It’s been a rough couple months for lawyers in the Third Circuit.
In June, the court in Roberts v. Ferman upheld a district court’s dismissal of a suit based on counsel’s failure to follow the required procedures for recreating gaps in the record. The published opinion contained harsh language directed at the lawyer, for example suggesting that “counsel should take the time to read” the applicable rule.
In September, the court in Hoffman v. Nordic Naturals [disclosure: I represented the appellant on rehearing] granted a FRAP 38 motion against counsel for damages for a frivolous appeal. The panel denied a motion to vacate the frivolous-appeal order even after six law professors filed an amicus brief arguing that the court’s appeal ruling was incorrect, and the court ordered counsel to pay attorney’s fees of $23,000.
In November, the court in Papp v. Fore-Kast Sales held that an appellee forfeited an alternative grounds for affirmance by raising it in a footnote and incorporating by reference its district court arguments.
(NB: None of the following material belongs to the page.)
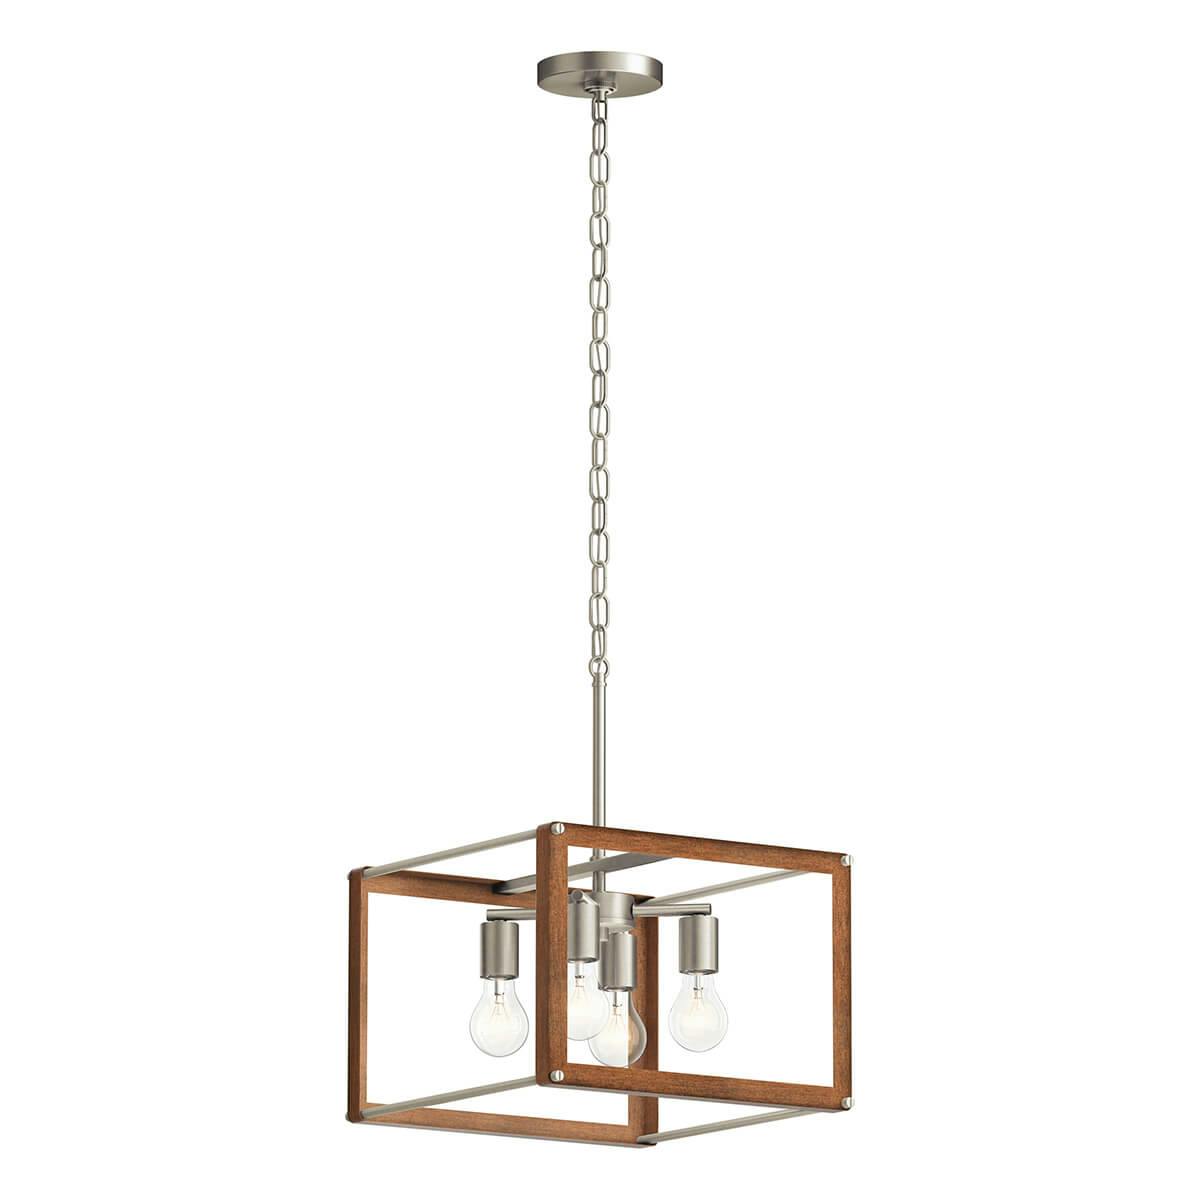 Chatwin 4 Light Square Pendant Brushed Nickel on a white background

And just this week the court in Marino v. Usher upheld a $28,000 sanction against a lawyer for his contact with an unrepresented party, after a different panel in June upheld a three-month suspension of the lawyer’s license for the same conduct.
These four decisions all follow in the wake of the court’s widely discussed 2015 opinion in Lehman Brothers v. Gateway Funding. There the court held that a party forfeited a claim because its lawyer failed to include a relevant transcript in the appellate record, describing the omission as “at best show[ing] a remarkable lack of diligence and at worse indicat[ing] an intent to deceive this Court.”
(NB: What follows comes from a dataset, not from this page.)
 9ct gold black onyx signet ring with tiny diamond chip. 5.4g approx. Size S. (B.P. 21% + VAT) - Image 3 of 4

So what’s all this mean? Are these just normal, isolated rulings, or is something broader going on? Is the Third Circuit taking a harder line? I don’t believe that the judges all sat down one day and agreed to start dropping the hammer on lawyers. But my sense is that the landscape is shifting, so that the court today is less reticent than it used to be about criticizing and punishing lawyers whose work it disapproves of.
As a practical matter, rulings like these will make some non-appellate lawyers think twice about handling Third Circuit appeals on their own. Several of the lawyers who’ve gotten in trouble with the court recently appear to have had minimal prior federal appellate experience. And a couple of them had gotten unwanted media attention in the past for coloring outside the lines, like this and this. Lawyers who aren’t familiar with both the rules and the norms of federal appellate practice can unwittingly make serious mistakes.
As these cases show, the price for those mistakes can be stiff indeed.